The framework draws on Kintsch's Construction–Integration model of human text comprehension, which describes understanding in two phases: first constructing all plausible meaning representations independent of context (reading bank, both "financial institution" and "riverbank" activate), then integrating with context to reinforce the fitting meaning and suppress the rest. TabBridge maps this two-phase structure onto table reasoning.

Stage 1: Structural Encoding. Without seeing any question, the model interprets the table and encodes its information into TabSpec, a textual specification of the table's structure and semantics. To verify that TabSpec faithfully captures the table, we designed reconstruction-based evaluation: a model regenerates the table from the TabSpec alone, and the reconstruction is scored against the source on Header Exact Match and Cell Similarity. This validates structural fidelity before TabSpec is ever used downstream.

Stage 2: Contextual Reasoning. Given a question, the model generates SQL grounded in the TabSpec, resolving the question's context to headers that actually exist; earnings now finds gross.

Results

73.94% on WikiTableQuestions, a +5.3pp improvement over prior SOTA, where SQL-only approaches reach around 50%. Performance was comparable to SOTA on TabFact and FeTaQA. Across open-source models, TabBridge delivered consistent gains of roughly 10–20%. Since WTQ uses raw, unnormalized tables, the results also indicate the approach handles non-standardized table formats.

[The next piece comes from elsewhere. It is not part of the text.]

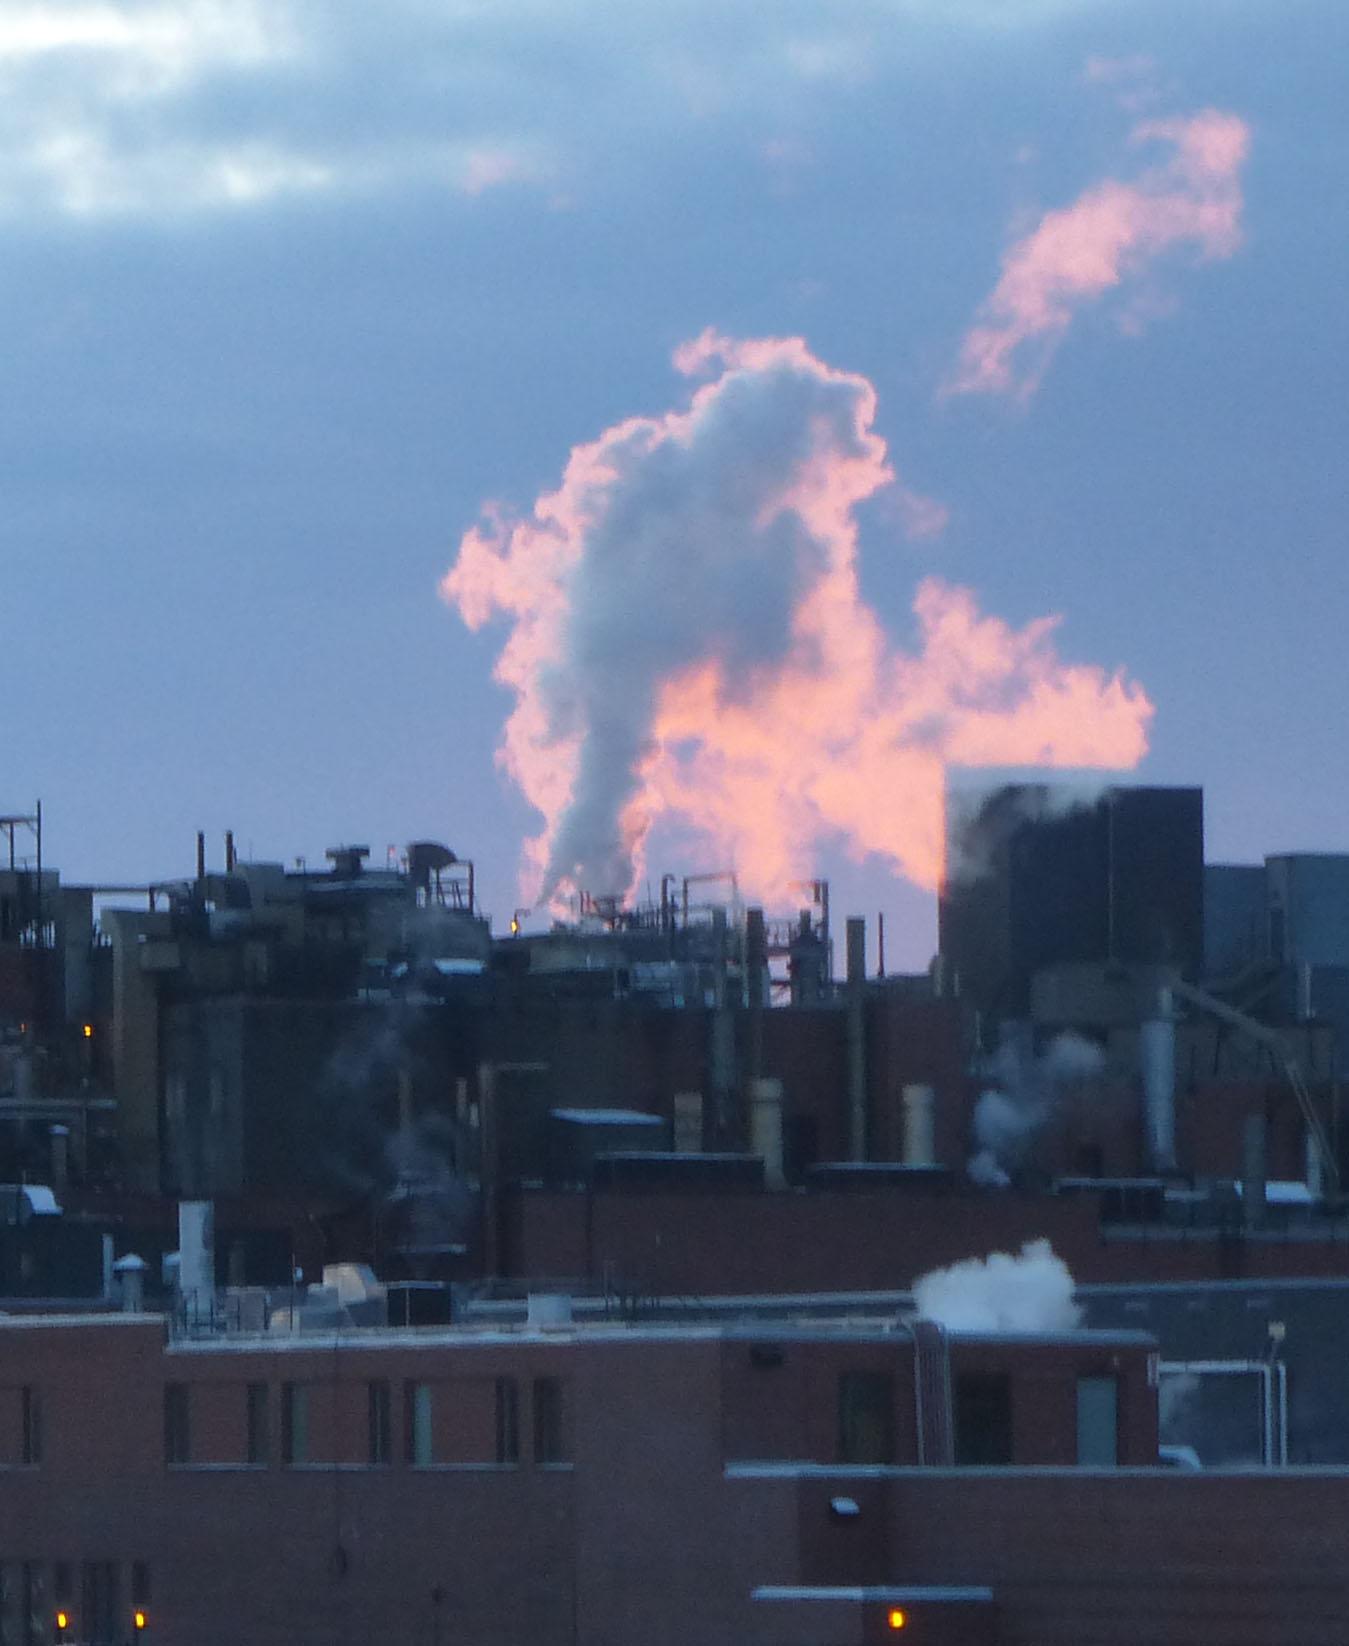 Hazardous materials in factories

Limitations. Structure–context alignment succeeded, but SQL generation itself remains a bottleneck: cases exist where the correct header is identified yet the generated SQL is still wrong, pointing to SQL generation quality as the next problem.

This work builds on three earlier studies on LLM table interpretation: few-shot prompting with data augmentation (HCLT 2024), least-to-most prompting (KICS 2025), and open- vs. closed-source model comparison (ISIS 2025). The model comparisons from this line of work also led to an open-source tool for running and comparing these approaches directly on local LLMs via Ollama.